A atitude da opinião pública com relação a seu projeto já mudou muito. "Antes a primeira reação costumava ser: 'Urgh! Ninguém irá comer isso!'. Hoje, muitos dizem: 'Sim, faz sentido buscarmos alternativas para a carne. Vamos ver quais são as vantagens!'", conta Post.
A seu ver, são três as principais vantagens. "O modo como produzimos carne é muito ineficiente. Porcos e bois como as principais fontes de carne têm um índice de conservação biológica de apenas 15%. Precisamos cultivar muita proteína vegetal para alimentar os animais e obter uma quantidade relativamente pequena de proteína animal."

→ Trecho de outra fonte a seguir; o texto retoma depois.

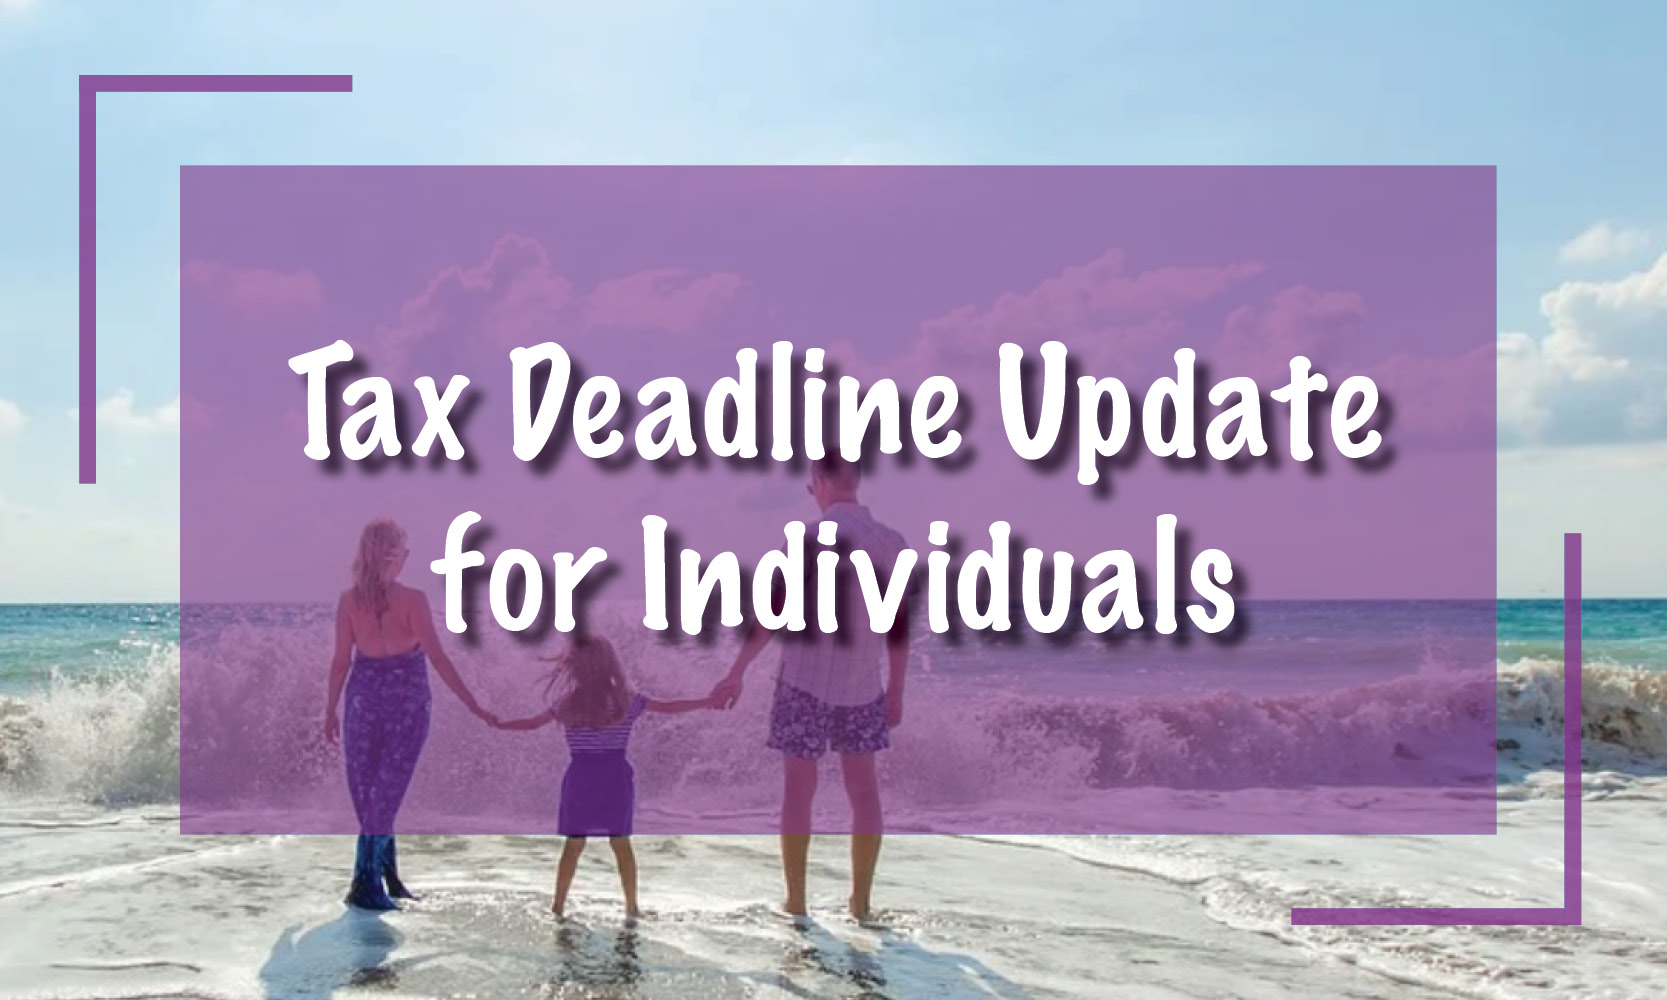 Tax Deadline Update for Individuals

Para obter um quilo de carne, um boi precisa de sete quilos de ração – geralmente grãos. A soja também é utilizada, causando muitas vezes o desmatamento de florestas. De acordo com um estudo da Universidade de Oxford, cerca de um terço da colheita de grãos acaba no estômago do gado, em vez de alimentar a população dos países em desenvolvimento.
"Desse jeito, não conseguiremos abastecer a população mundial com alimentos de qualidade", afirma Post com convicção. "E a criação de gado é um fardo para o meio ambiente. Os animais consomem muita água e terra. Setenta por cento da superfície cultivada no mundo é ocupada por gado. Além disso, o consumo de energia é enorme. Os animais emitem uma parte substancial das substâncias que contribuem para o aquecimento global."
Luxo ou salvação
O problema principal é o gás metano. Uma vaca arrota a cada 40 segundos, e, mais do que uma reação digestiva, trata-se de um enorme fardo para o clima global. Cada vaca produz 250 litros de metano por dia – gás 23 vezes mais poluente que o CO2. O efeito das cerca de 1 bilhão de vacas no mundo é devastador. A criação de gado é responsável por cerca de um quinto dos gases do efeito estufa.
Encontrar outras fontes de proteína seria um alívio não apenas para o meio ambiente. "Queremos mostrar sob que condições os animais vivem e morrem. Uma sociedade desenvolvida não pode mais aceitar isso. Também sabemos que, com a criação intensiva de gado, surgem doenças e epidemias entre os animais, o que por sua vez leva à necessidade de usar antibióticos", considera Post.
Post não é vegetariano e está ciente de que, para muitos, o consumo de carne faz parte do estilo de vida ocidental. Em muitas regiões, um pedaço de carne suculento no prato é sinal de fartura. De acordo com um prognóstico da Organização das Nações Unidas para Agricultura e Alimentação (FAO), o consumo de carne dobrará para 460 milhões de toneladas ao ano até 2050. Mas nosso planeta não suportaria isso.
Mas a questão é: quem consumiria a carne de laboratório? Seria um produto de moda para benfeitores abastados ou uma contribuição para a luta contra a fome no mundo? Para o pesquisador holandês Post, trata-se de uma pergunta interessante, que gera intenso debate.
"Pode-se servir a nichos de mercado e oferecer todos os tipos de carne possíveis. Mas minhas ambições são um pouco mais altas. Meu interesse principal é fazer algo mais eficaz do que a carne que conhecemos hoje", afirma o cientista. Assim, a carne in vitro ajudaria também a combater a fome no mundo. E é justamente esse o objetivo de Post.